There are now versions of both lmmen::cv.glmmLasso and cv.glmmLasso::cv.glmmLasso that work with multiple random effects, but they aren’t merged into the original GitHub repositories yet. 

It seems that lmmen::cv.glmmLasso finds the best penalty parameter lambda using BIC, whereas cv.glmmLasso::cv.glmmLasso will do K-fold cross validation to find lambda. Both are described in Appendix A of Groll and Tutz 2014.

cheers,
Mollie
 

> On 12 Dec 2022, at 13.31, Mollie Brooks <mollieebrooks using gmail.com> wrote:
> 
> I found that Ben Bolker is already working on this problem https://github.com/yonicd/lmmen/compare/master...bbolker:lmmen:master <https://github.com/yonicd/lmmen/compare/master...bbolker:lmmen:master>
> 
> I’ll follow up there. 
> 
> The lesson I’m learning with glmmLasso is to always check forks on GitHub to see if someone already started working on the problem. Thanks Ben!
> 
> Cheers,
> Mollie
> 
> 
>> On 12 Dec 2022, at 13.09, Mollie Brooks <mollieebrooks using gmail.com <mailto:mollieebrooks using gmail.com>> wrote:
>> 
>> Following up with a reproducible example…

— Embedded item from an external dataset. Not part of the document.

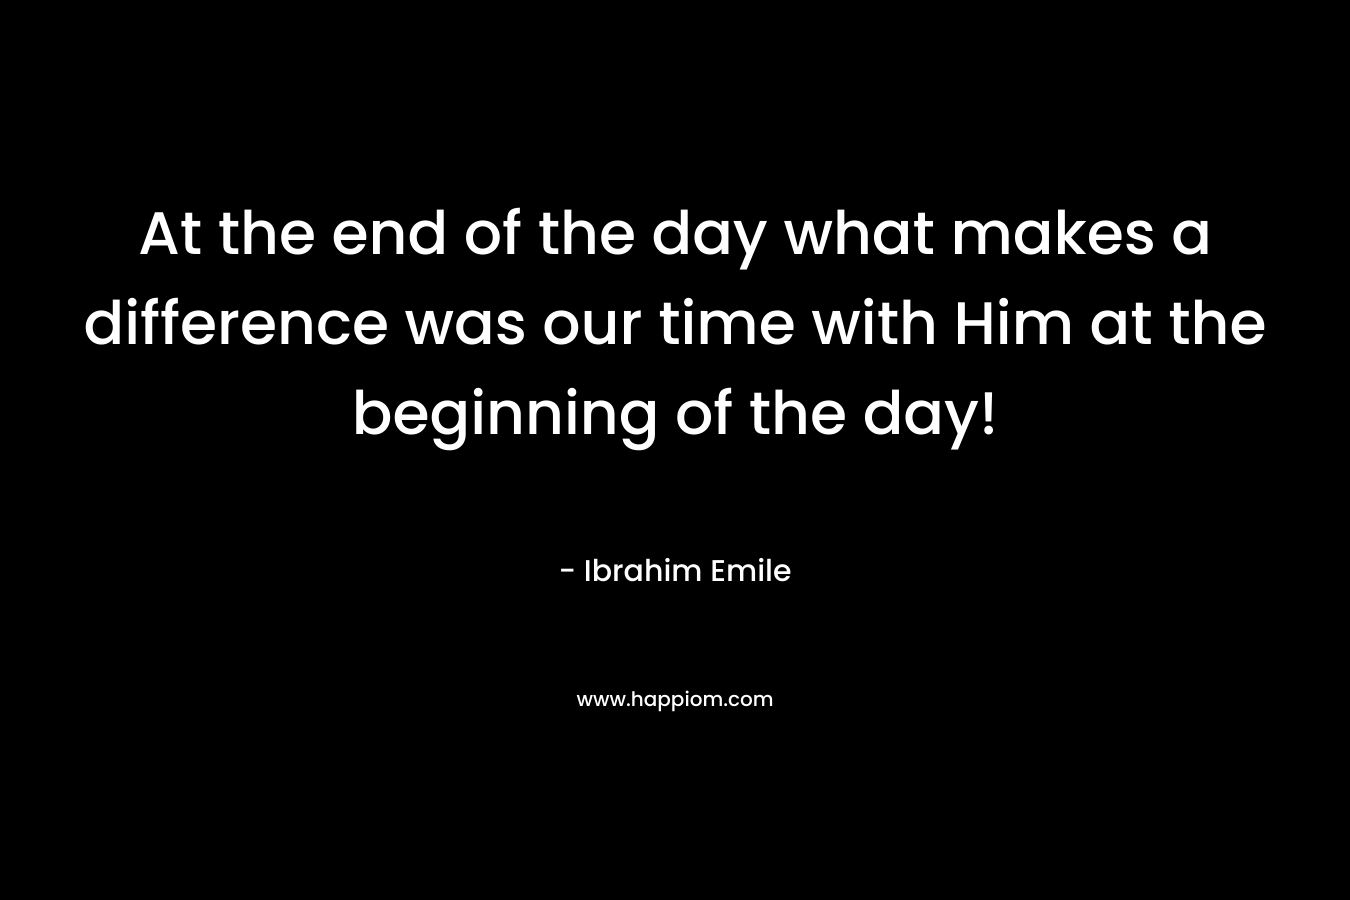 At the end of the day what makes a difference was our time with Him at the beginning of the day!

>> Both of the models below can be fit in glmmLasso, but only the one with a single RE (lm1) can be cross-validated with lmmen.
>> 
>> library(glmmLasso)
>> data("soccer")
>> library(lmmen)
>> 
>> soccer[,c(4,5,9:16)]<-scale(soccer[,c(4,5,9:16)],center=TRUE,scale=TRUE)

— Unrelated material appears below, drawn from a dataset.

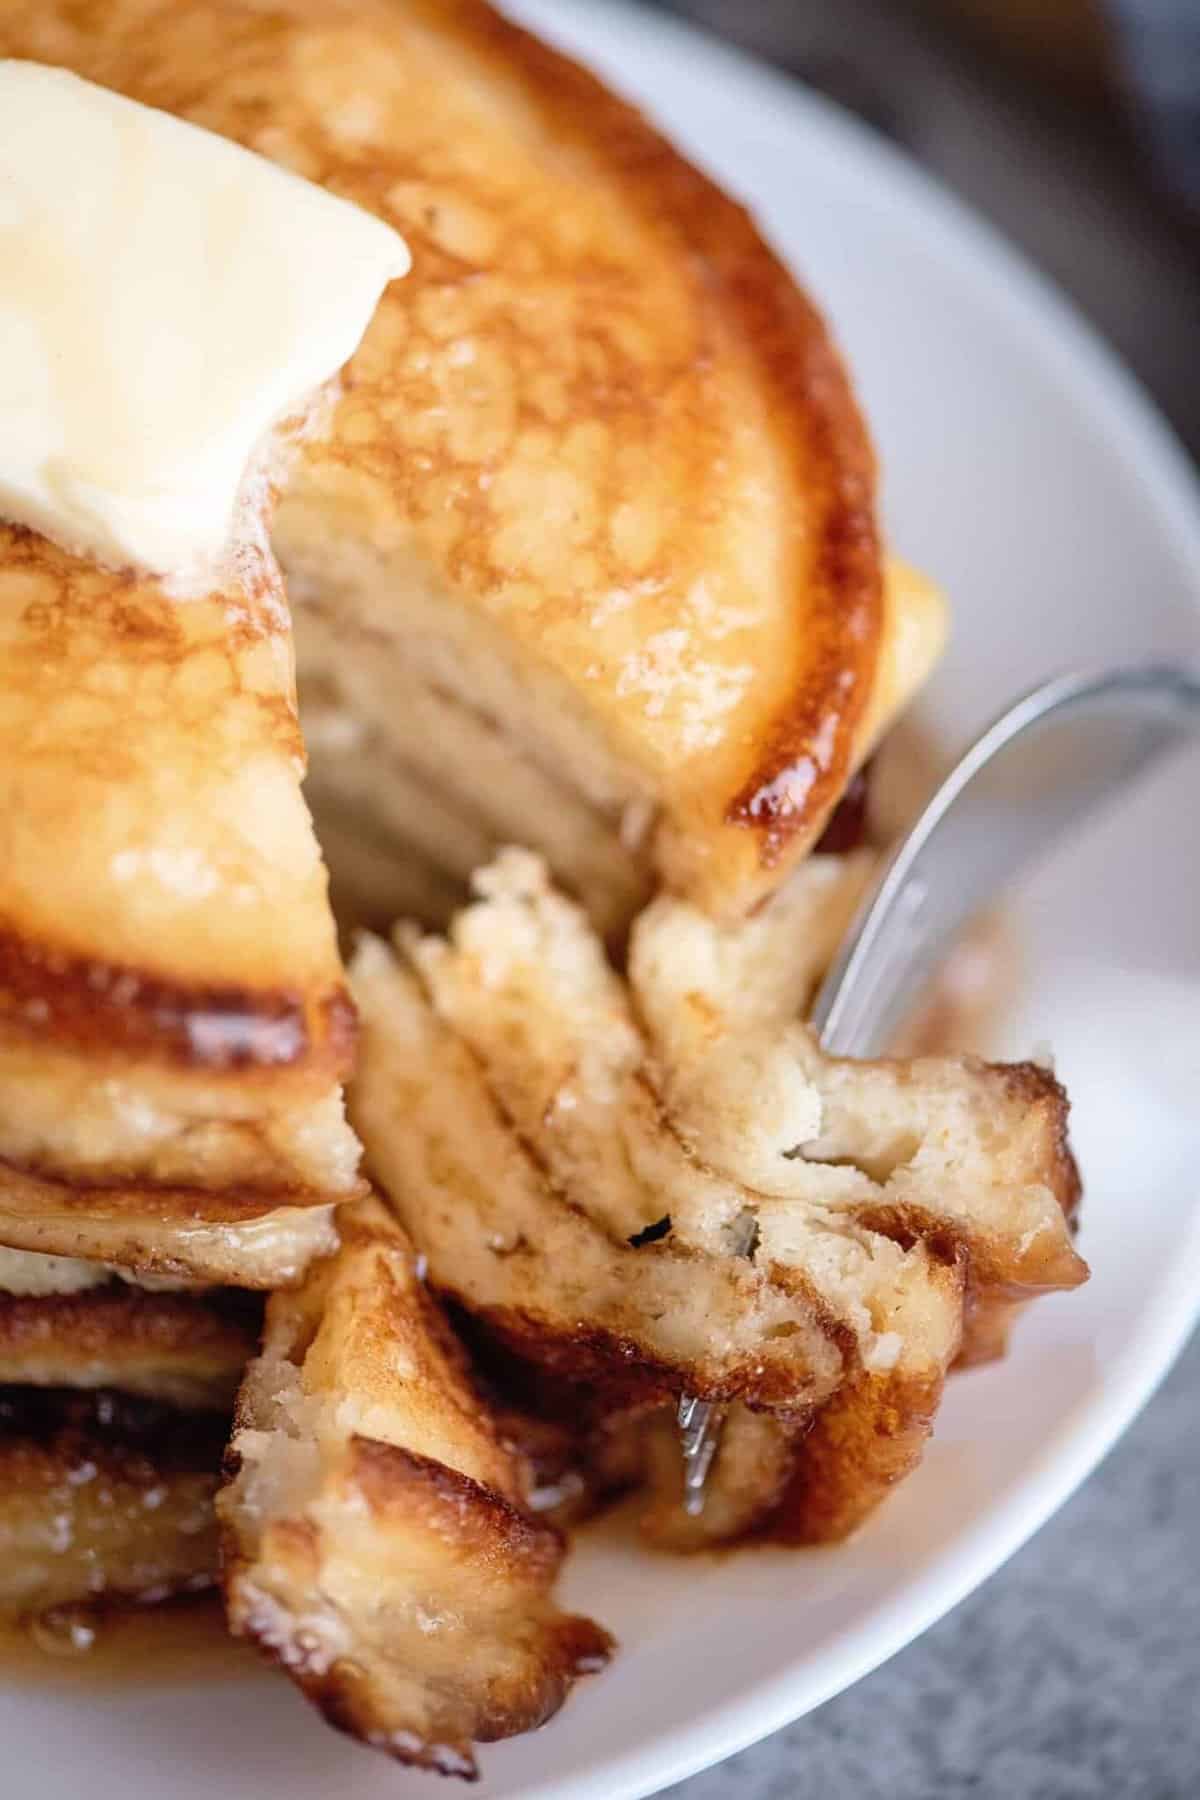 The Best Old-Fashioned Pancakes on Earth

>> soccer<-data.frame(soccer)
>> 
>> lm1 <- glmmLasso(points ~ transfer.spendings + ave.unfair.score 
>>                  + ball.possession + tackles 
>>                  + ave.attend + sold.out, rnd = list(team=~1), 
>>                  lambda=50, data = soccer)
>> 
>> summary(lm1)
>> 
>> lm2 <- glmmLasso(points ~ transfer.spendings + ave.unfair.score 
>>                  + ball.possession + tackles 
>>                  + ave.attend + sold.out, rnd = list(team=~1, pos=~1), 
>>                  lambda=50, data = soccer)
>> 
>> summary(lm2)
>> 
>> 
>> cv.lm1 <- cv.glmmLasso(form.fixed= points ~ transfer.spendings + ave.unfair.score 
>>                     + ball.possession + tackles 
>>                     + ave.attend + sold.out, 
>>                     form.rnd = list(team=~1), 
>>                     lambda=seq(5,250, by=5), dat = soccer)
>> 
>> cv.lm2 <- cv.glmmLasso(form.fixed= points ~ transfer.spendings + ave.unfair.score 
>>                     + ball.possession + tackles 
>>                     + ave.attend + sold.out, 
>>                     form.rnd = list(team=~1, pos=~1), 
>>                     lambda=seq(5,250, by=5), dat = soccer)
>> 
>> This is the error (below). I was getting a similar error with cv.glmmLasso:: cv.glmmLasso until I made the change described in the pull request from my earlier email. For that package, it was to be due to assuming that q_start was a scalar (as in the case of a single RE).
>> 
>> > cv.lm2=cv.glmmLasso(form.fixed= points ~ transfer.spendings + ave.unfair.score 
>> +                     + ball.possession + tackles 
>> +                     + ave.attend + sold.out, 
>> +                     form.rnd = list(team=~1, pos=~1), 
>> +                     lambda=seq(5,250, by=5), dat = soccer)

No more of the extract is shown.